Input data:

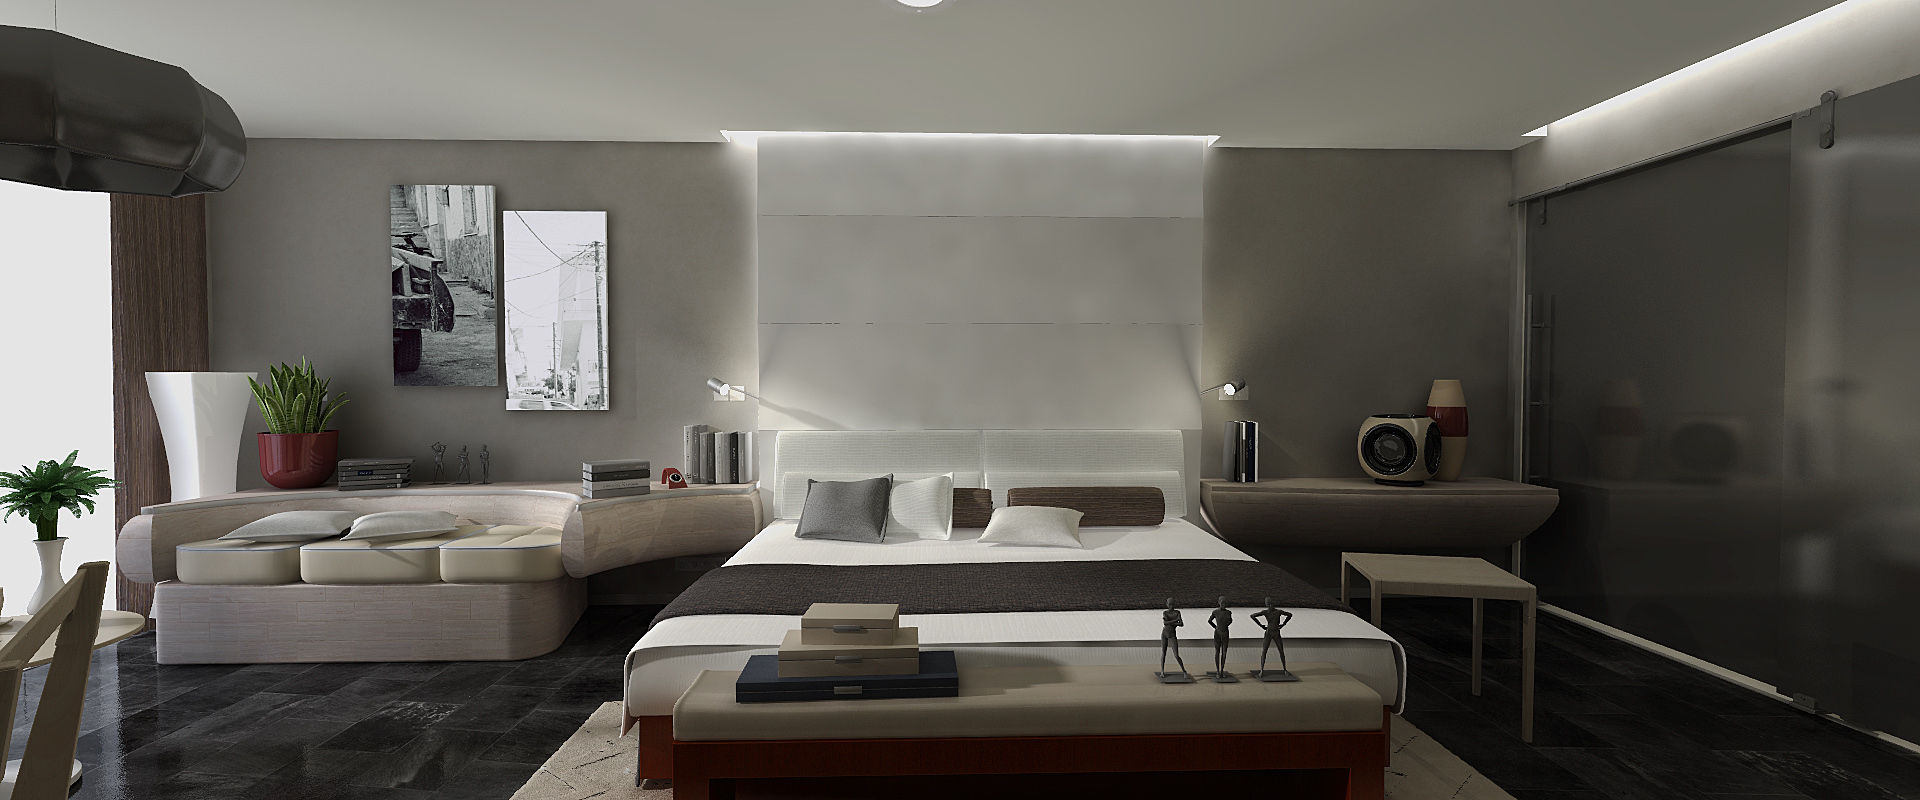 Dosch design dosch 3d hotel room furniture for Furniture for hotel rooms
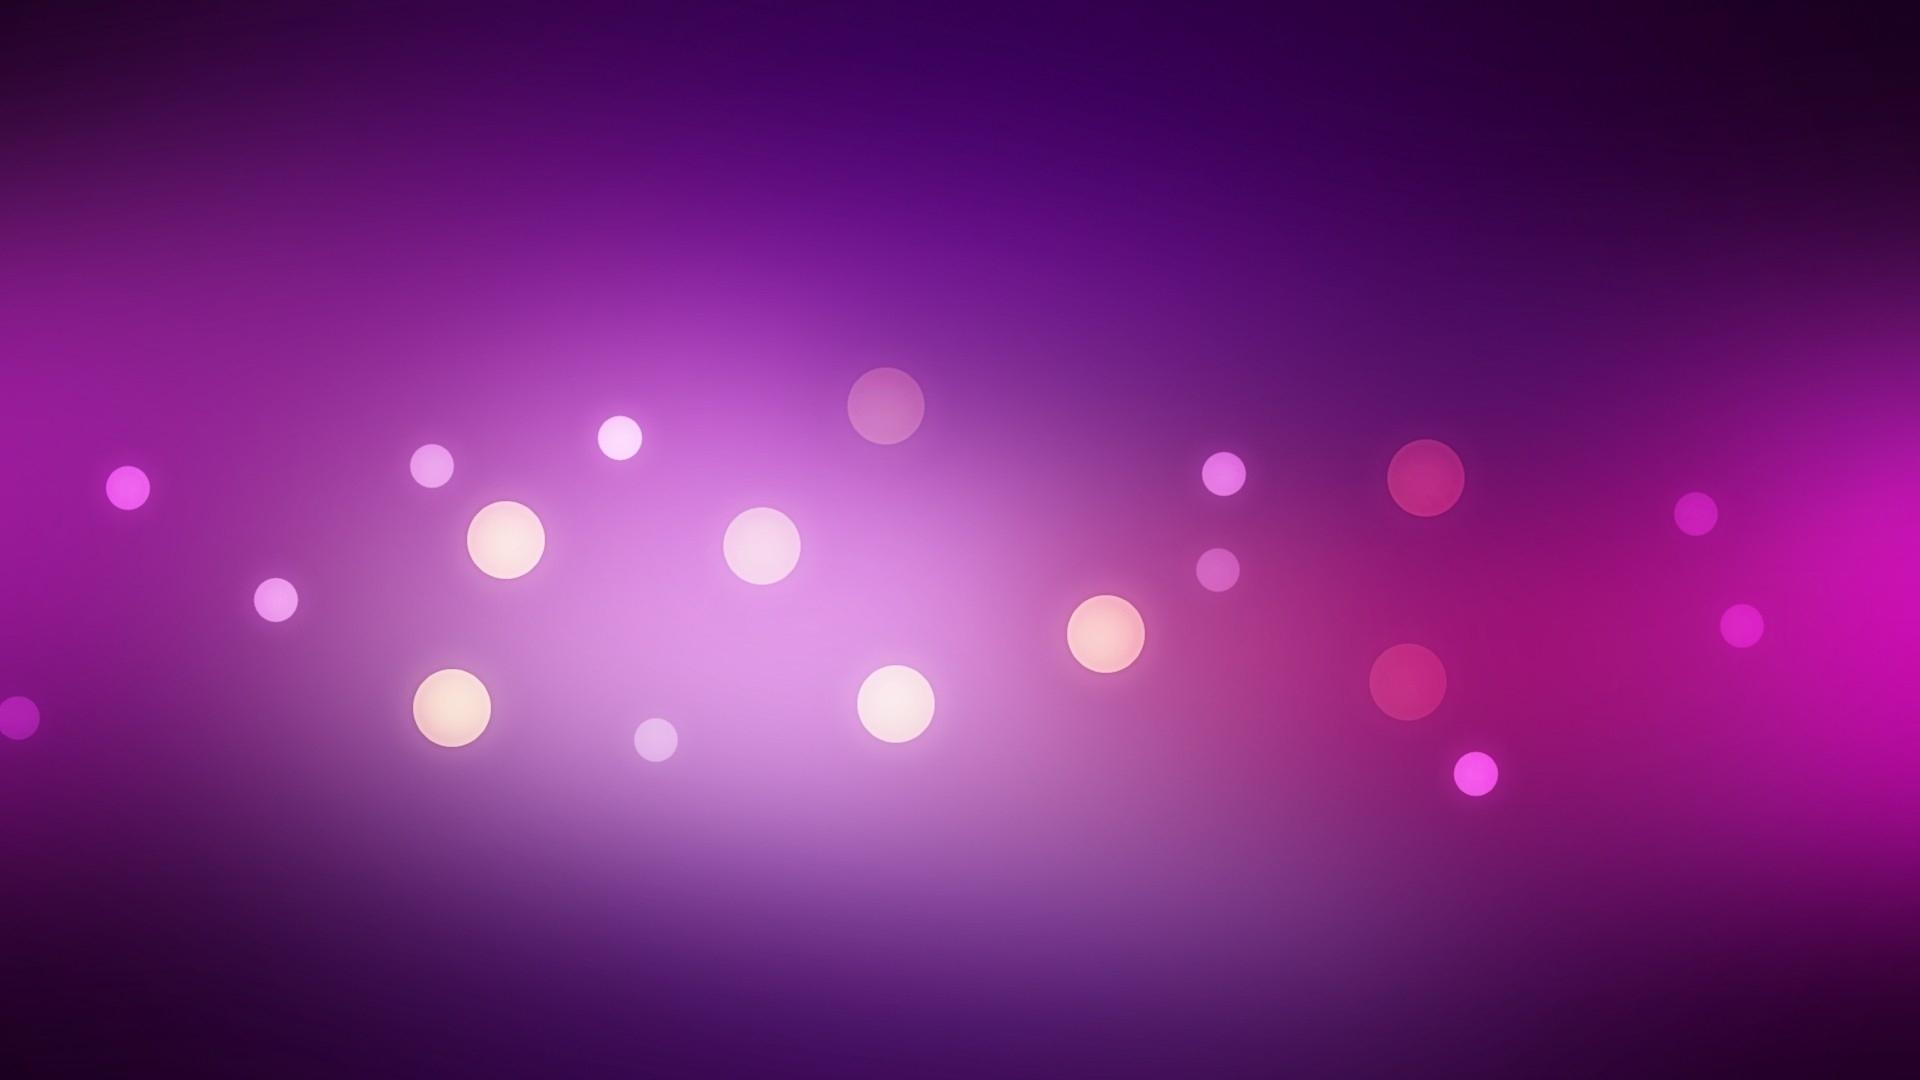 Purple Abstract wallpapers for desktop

---

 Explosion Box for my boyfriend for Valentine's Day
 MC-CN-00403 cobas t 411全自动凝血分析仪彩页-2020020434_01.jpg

Requirement: Using the listing above, repeat word for word each line from the one with "Dosch design dosch" down to the one with "Purple Abstract wallpapers for desktop", both included. Omit all pictures.

Solution below:
 Dosch design dosch 3d hotel room furniture for Furniture for hotel rooms
 Purple Abstract wallpapers for desktop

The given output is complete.